Postby xenopeek » Mon Oct 16, 2017 2:04 pm

>> This issue is already fixed for all Linux Mint versions. <<

If you haven't yet applied all available security upgrades in Update Manager, do so now.

The affected packages are hostapd and wpasupplicant. Both come from the upstream package wpa so Update Manager conveniently shows you these as one upgrade under the name "wpa". But if you want to check your installed package versions, you need those first two package names. Mind that hostapd isn't installed by default so it may not be present on your system.

For Linux Mint 18.x you need version 2.4-0ubuntu6.2 or newer.
For Linux Mint 17.x you need version 2.1-0ubuntu1.5 or newer.
For LMDE 2 you need version 2.3-1+deb8u5 or newer.

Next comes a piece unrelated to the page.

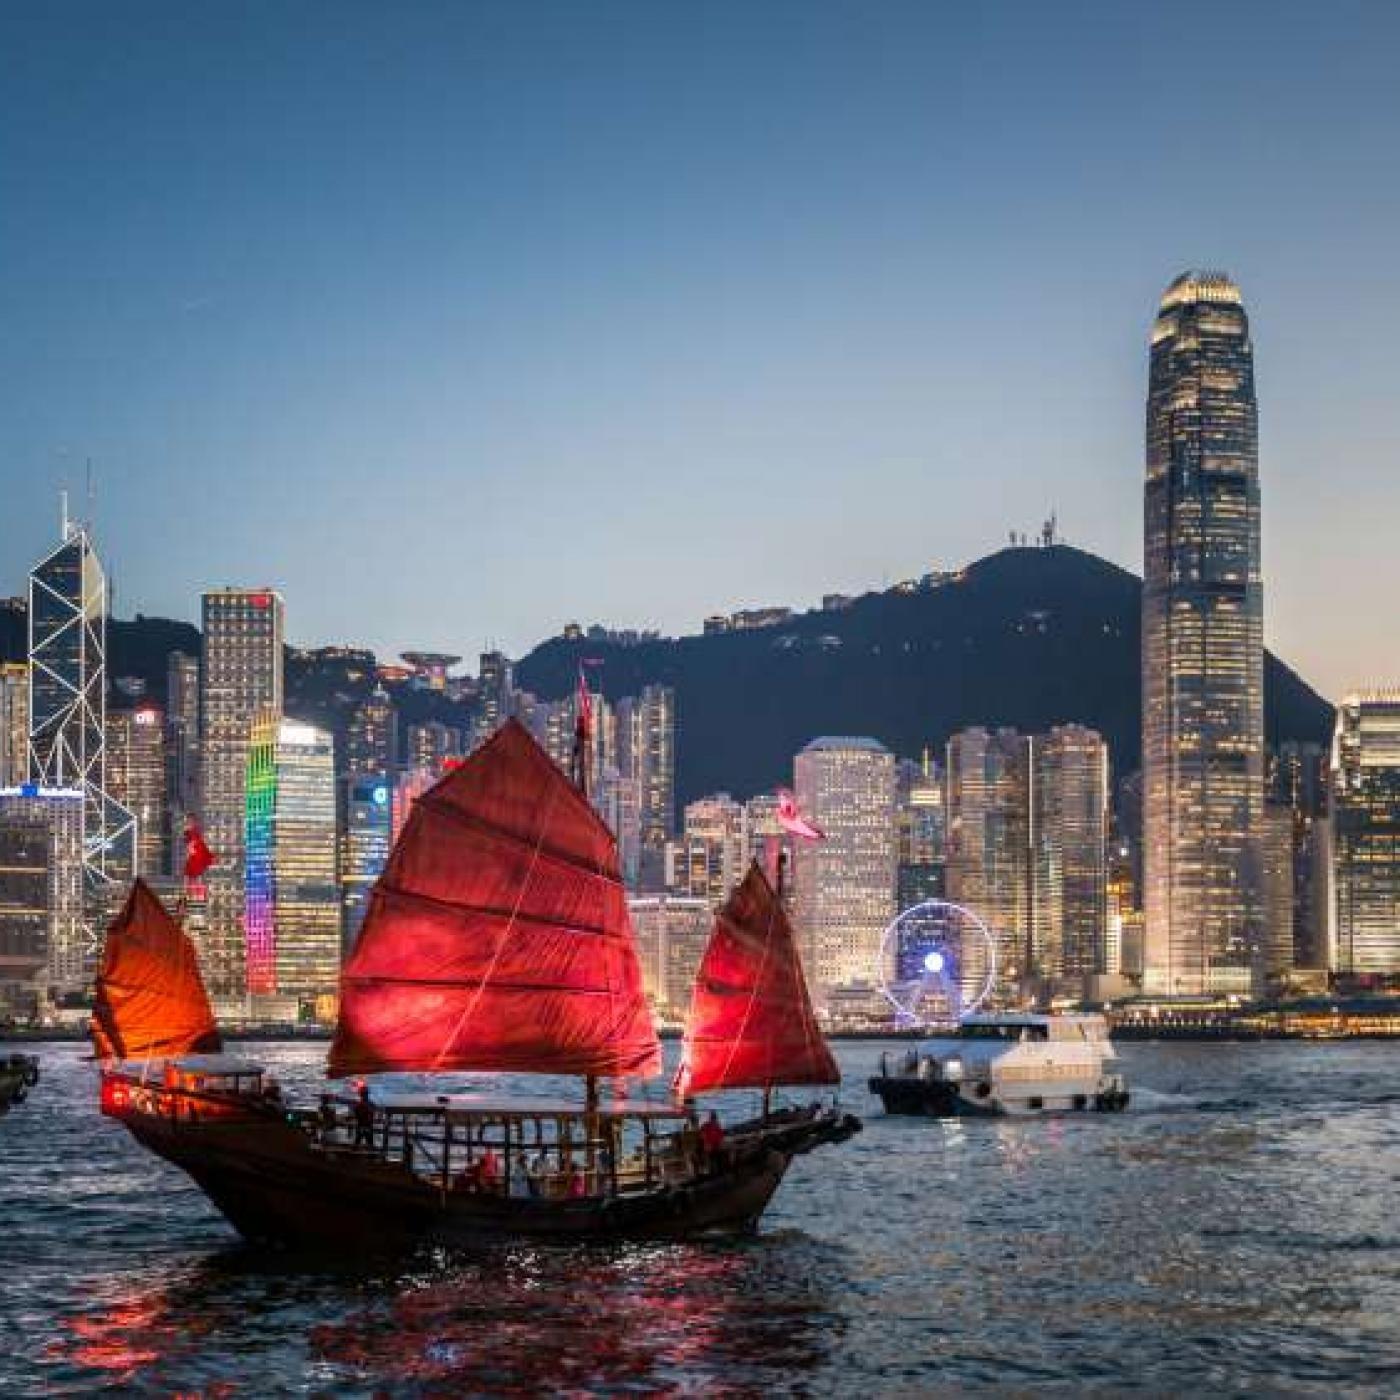 Règles strictes anti coronavirus à Hong Kong : Nicolas - 01 12 2020 - StereoChic Radio

Ubuntu security notice for the WPA2 issue is found here: https://usn.ubuntu.com/usn/usn-3455-1/ (Linux Mint 18.x are based on Ubuntu 16.04 LTS and Linux Mint 17.x are based on Ubuntu 14.04 LTS). Debian security announcement for the WPA2 issue is found here: https://lists.debian.org/debian-securit ... 00261.html (LMDE 2 is based on Debian Jessie aka oldstable).

Most if not all major GNU/Linux distros have already fixed the WPA2 issue today. The real issue is with phones and tablets.
Image

Jaydemir
Level 4
Level 4
Posts: 217
Joined: Tue Jun 16, 2015 2:53 pm

Krack WiFi exploit [IS ALREADY PATCHED]

Postby Jaydemir » Mon Oct 16, 2017 4:05 pm

So I came across some articles about how M$ already patched Windows against some WiFi exploit dubbed 'Krack' that nobody else seems to have done yet. Any ideas on how such a thing would be patched in the Linux world? Would it be distro specific? Kernel update? Obviously any articles about security usually get blown up more than they should, and every threat is the next big problem. Its just nice to know if things like this are being addressed.
Last edited by karlchen on Mon Oct 16, 2017 5:08 pm, edited 1 time in total.
Reason: Appended to thread in "Main Edition" - "Wifi": "[PATCHED] Wpa2 vulnerability - krack [issue is fixed on all Mint versions]"

sarge816
Level 2
Level 2
Posts: 50
Joined: Sun Jun 13, 2010 9:04 pm

Re: Krack WiFi exploit

Postby sarge816 » Mon Oct 16, 2017 4:11 pm

Just today got an update for wpasupplicant, from 6.0 to 6.2. LM18.2 Xfce
https://wiki.archlinux.org/index.php/WPA_supplicant

User avatar
Moem
Level 11
Level 11
Posts: 3669
Joined: Tue Nov 17, 2015 9:14 am
Location: The Netherlands
Contact:

Re: Krack WiFi exploit

Postby Moem » Mon Oct 16, 2017 4:16 pm

This thread should answer your questions:
viewtopic.php?f=53&t=255523
Image

If your issue is solved, kindly indicate that by editing the first post in the topic, and adding [SOLVED] to the title. Thanks!

Devnullptr_
Level 1
Level 1
Posts: 2
Joined: Mon Oct 16, 2017 9:30 am

Re: [PATCHED] Wpa2 vulnerability - krack

Postby Devnullptr_ » Mon Oct 16, 2017 9:21 pm

Thank you. This is exactly what I needed.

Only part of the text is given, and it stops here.